Demande d'ajout de WeChat sur la liste noire du Représentant américain au commerce (USTR)

Plusieurs associations professionnelles américaines réclament l'inscription sur la liste des marchés notoires du service en ligne chinois WeChat. WeChat se voit reprocher d'offrir aux contrefacteurs une plateforme lucrative pour la vente de plagiats.



L'anonymat des vendeurs complique les poursuites

Auteur: Emilie Bargueno, International Product Manager chez tesa scribos

Le service de messagerie extrêmement populaire en Chine est menacé de figurer sur la liste des marchés notoires du Représentant américain au commerce. Cette mesure est demandée actuellement par plusieurs associations américaines de protection des marques et de la propriété intellectuelle, dont l'IPO (Intellectual Property Owners Association). Cette dernière reproche à WeChat de permettre aux contrefacteurs « d'exécuter chaque aspect de leurs activités illégales sur la plateforme, y compris la commercialisation directe aux consommateurs et la vente de contrefaçons via la fonction « Panier » de WeChat. »

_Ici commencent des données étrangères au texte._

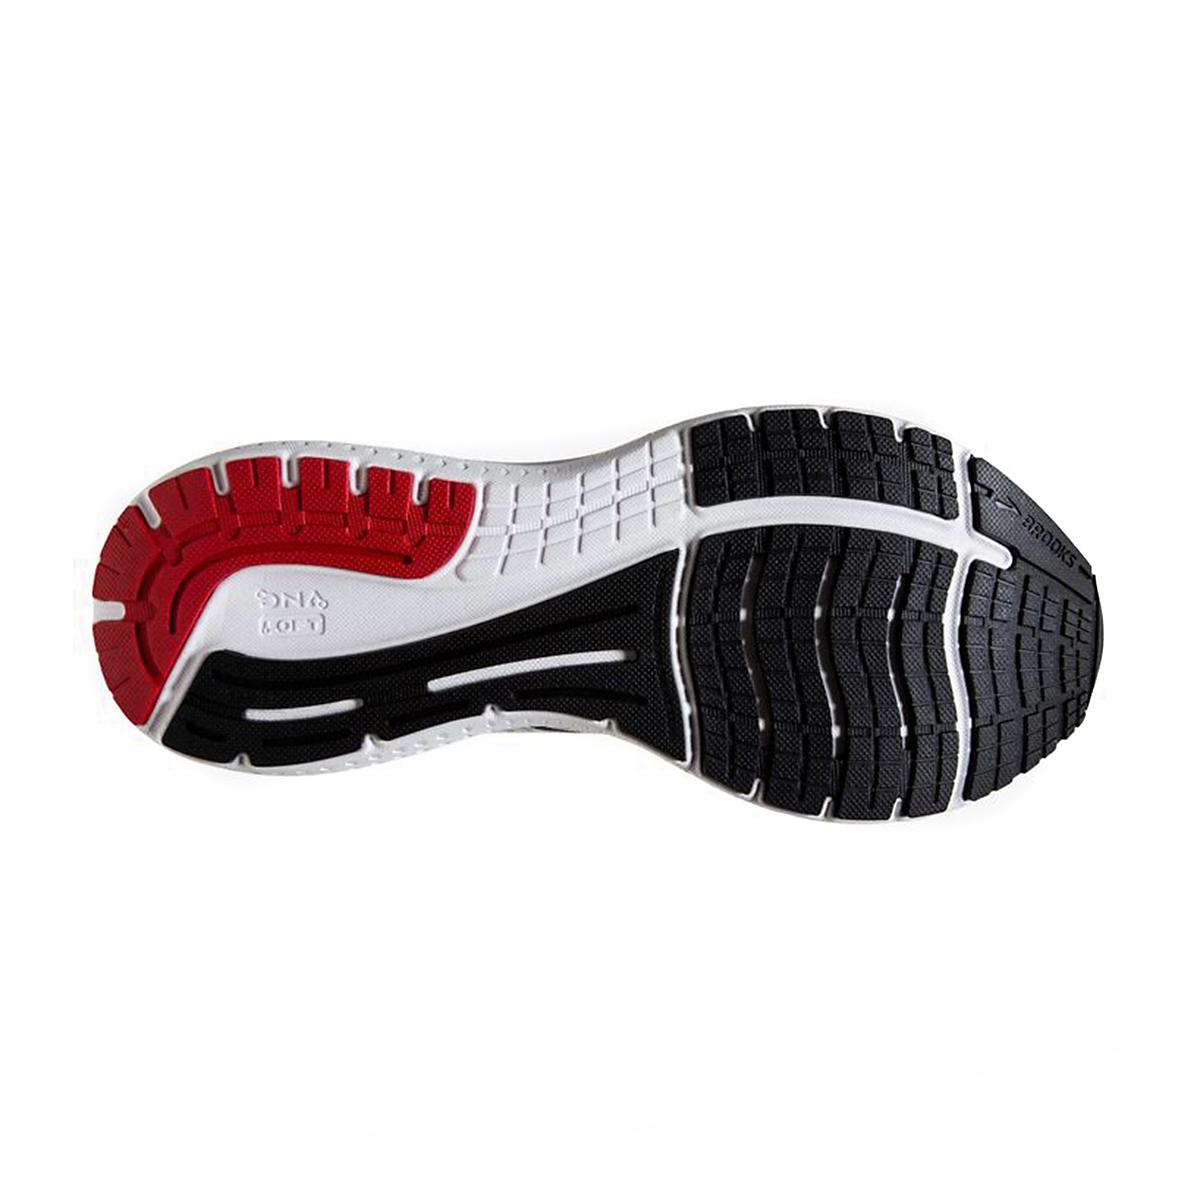 Men's Brooks Glycerin 19 Running Shoe - Color: White/Black/Red - Size: 7 - Width: Regular, White/Black/Red, large, image 6

Bien que WeChat soit principalement connu comme fournisseur de messagerie et de réseaux sociaux, le commerce en ligne fait depuis longtemps déjà partie intégrante de la plateforme. Le problème principal étant que les commerçants peuvent rester en grande partie anonymes sur WeChat et qu'il est donc difficile de leur demander des comptes. De plus, WeChat est critiqué pour ne pas lutter suffisamment contre le commerce de contrefaçons. Selon l'IPO, une petite partie seulement des cas est sanctionnée ; les profils des commerçants sont souvent désactivés uniquement temporairement et une nouvelle inscription est rarement empêchée. Les contrefacteurs auraient simplement besoin d'un numéro de téléphone mobile différent pour créer un nouveau profil.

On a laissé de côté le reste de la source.